Ella era una mujer con una presencia envolvente, de esas que imponen silencio sin pedirlo. Su belleza tenía filo: el cabello oscuro caía en línea recta sobre los hombros, los ojos firmes y atentos parecían tomar nota de todo.
Los labios, precisos y
bien definidos, sabían guardar ironías como secretos valiosos. Vestía con una
sobriedad calculada: un vestido claro, entallado en la cintura, que realzaba la
curva exacta de su figura. Todos sus gestos —el cruce de piernas, el roce de los
dedos en la copa, la inclinación leve del cuello— construía una escena. No era
decorativa. Era el centro del tablero.
Habían
terminado de cenar. Los demás ya se levantaban. Algunos se acercaban a
despedirse con abrazos apurados. Pero ellos dos permanecían sentados, frente a
frente, como si el tiempo entre sus miradas se hubiera cuajado. Ella inclinó el
cuerpo hacia adelante, dejó que sus dedos acariciaran el borde de la copa, y
lanzó la frase con la naturalidad de quien enciende una mecha y se queda
mirando las sombras.
—Apostemos
algo —dijo, con esa chispa en los ojos que solía anunciar tormenta.
Él levantó
una ceja, divertido.
—¿Apostar
qué?
—Mañana. El
que llegue primero a la reunión del proyecto, gana.
—¿Y qué se
gana?
Ella lo
observó, como si midiera si el oponente valía el juego.
—Si tú
ganas, te doy cincuenta mil —dijo, después de un trago largo de vino—. Pero si
yo gano… tú eliges: me pagas el dinero o aceptas la sorpresa.
Él soltó una
risa confiada. Creía que estaba jugando. No entendía aún que ya había perdido.
—¿Y si elijo
sorpresa?
Entonces
apareció esa sonrisa suya. No era amable. No era cruel. Era una promesa.
—Después no
digas que no sabías dónde te estabas metiendo.
La mañana
siguiente trajo un cielo despejado, pero su aliento estaba agitado cuando entró
a la sala de juntas. Llegó tres minutos tarde. Y ella ya estaba allí. Sentada,
impecable, con una blusa blanca sin una sola arruga y un lápiz entre los dedos.
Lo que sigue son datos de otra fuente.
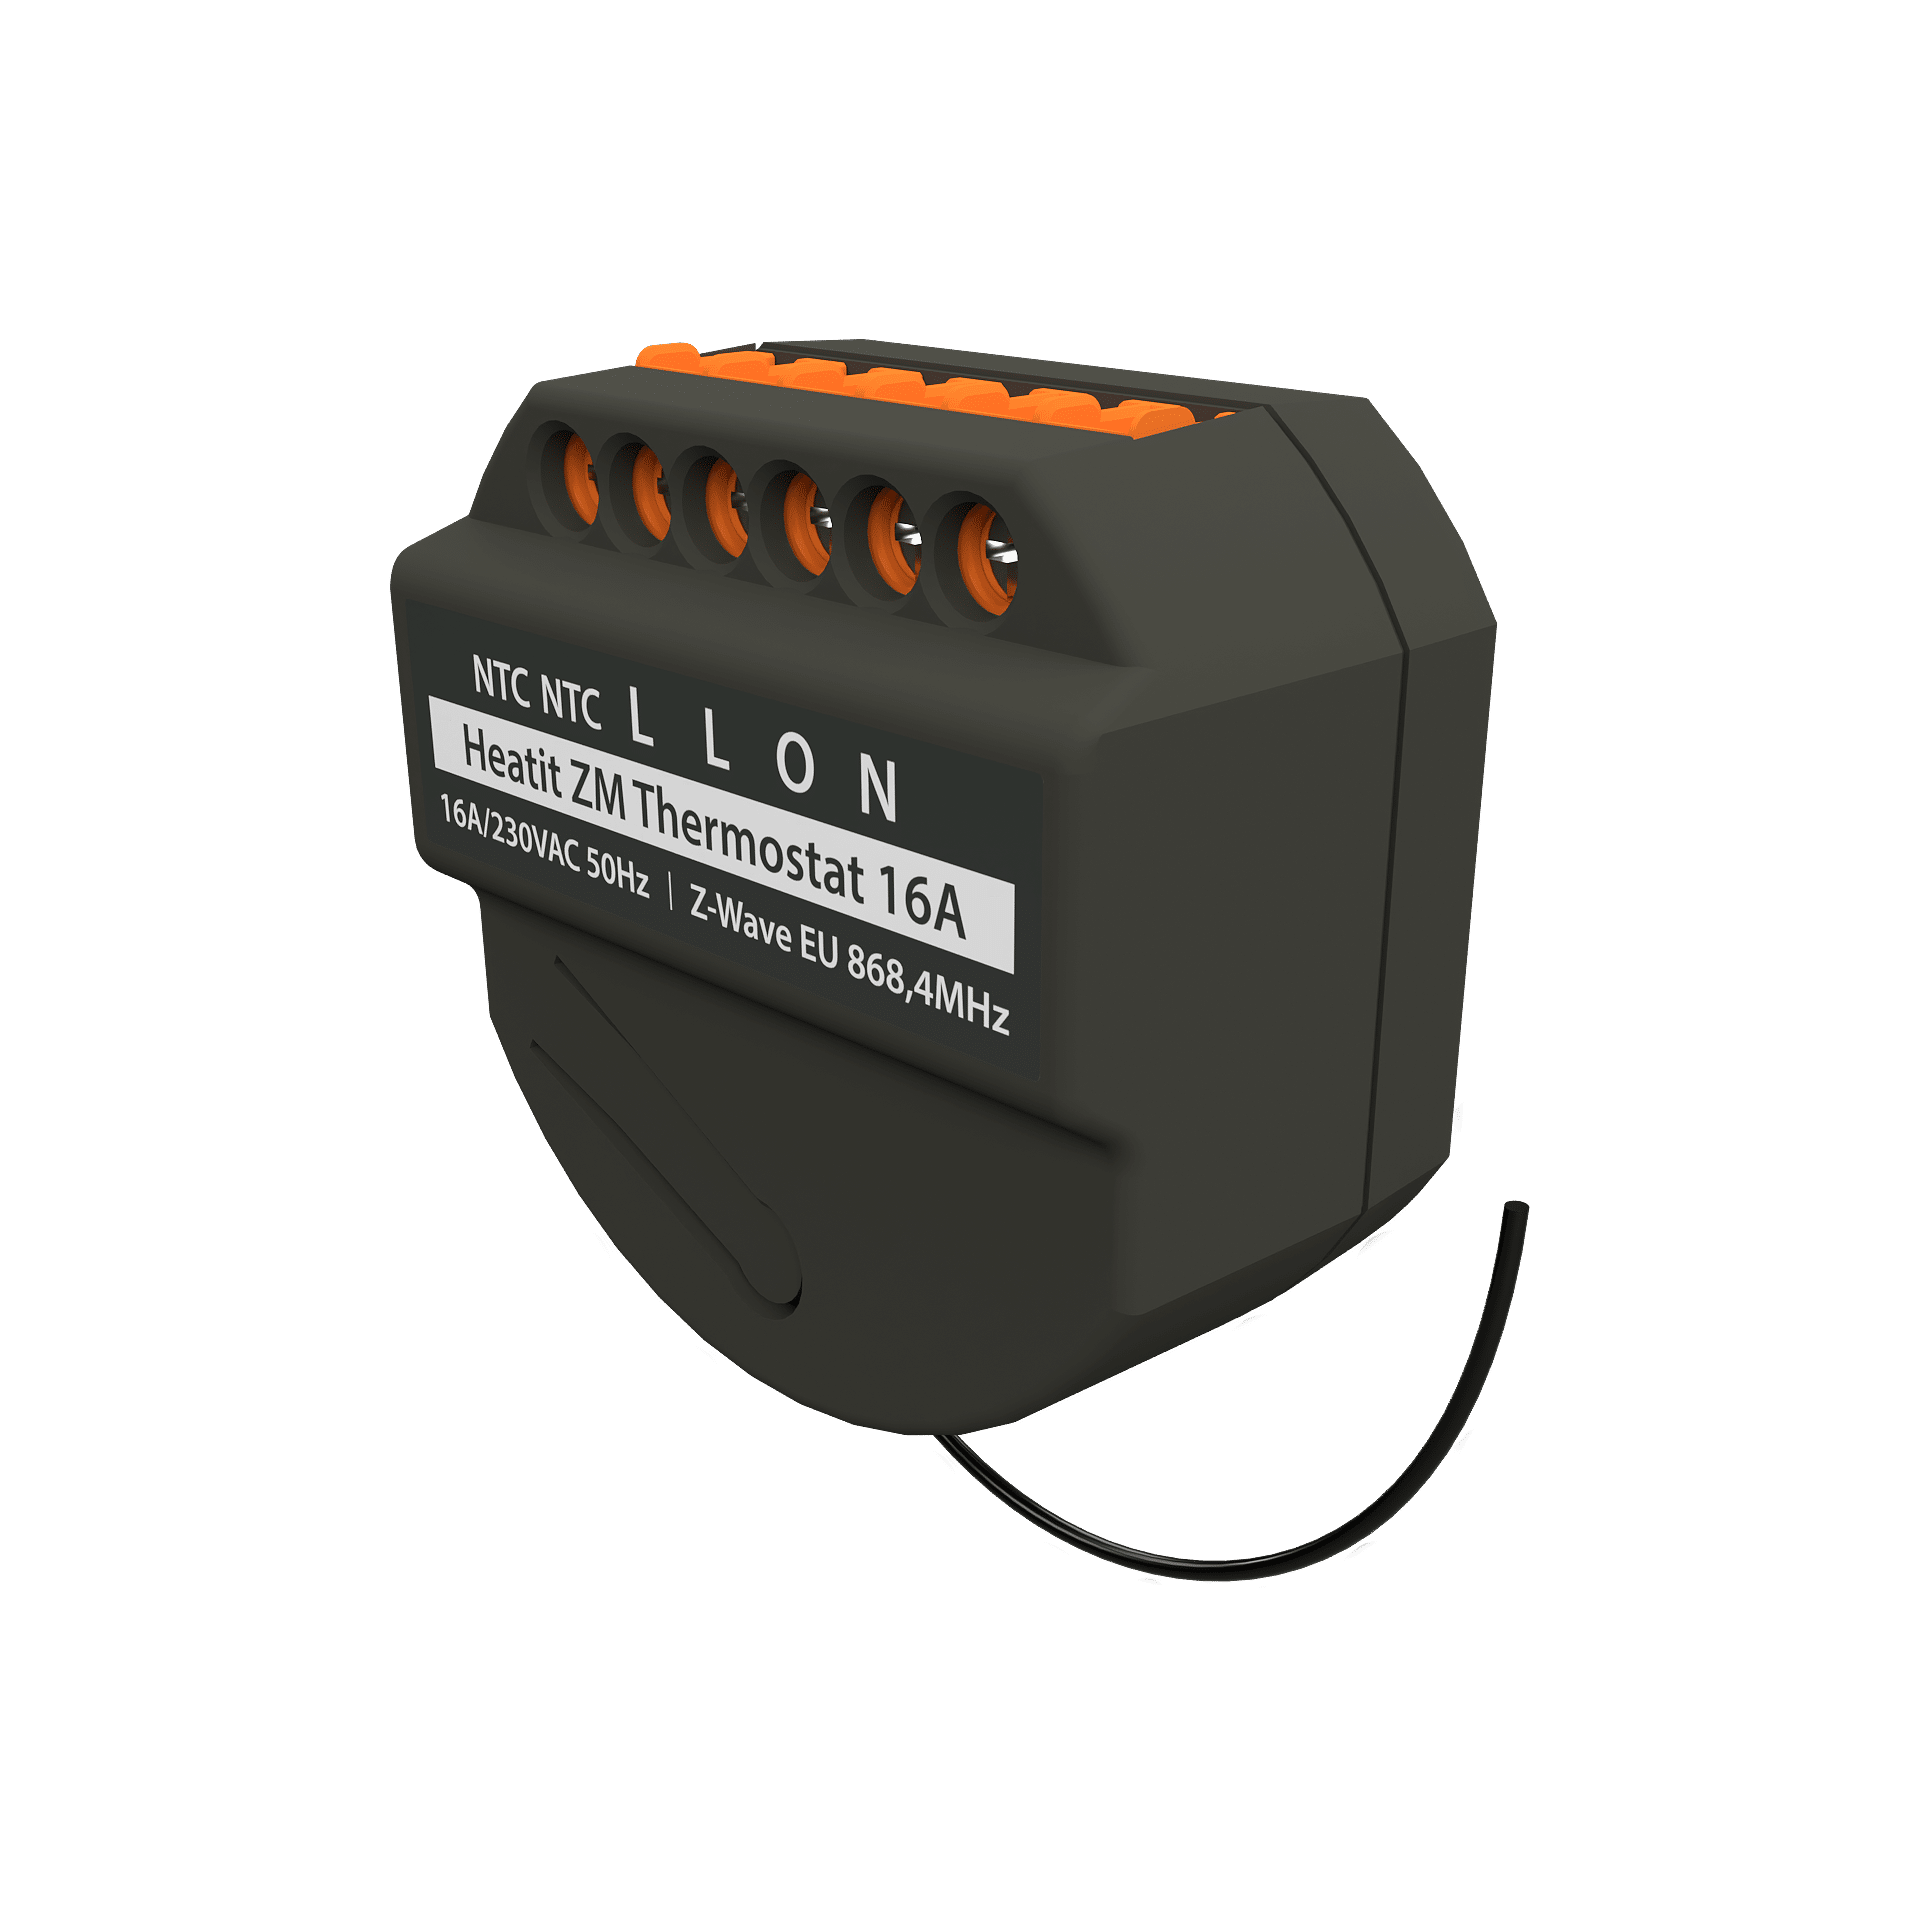 Heatit ZM Thermostat 16A

La vio alzar la vista y sonreír con la misma calma de la noche anterior. Había
ganado.
La reunión
fue breve. Formalidades, acuerdos, miradas al reloj. Al final, cuando todos
salían, ella se acercó, le entregó un papel doblado en dos y desapareció por el
pasillo sin más palabras.
Era una
dirección. Piso 6, apartamento 604. A las ocho.
Ella
apareció desde la cocina con el mismo vestido claro de la noche anterior. Tenía
una forma de ocupar el espacio que lo detenía todo. El cabello suelto, la piel
tersa, los ojos fijos. Cada curva suya parecía obedecer una geometría exacta.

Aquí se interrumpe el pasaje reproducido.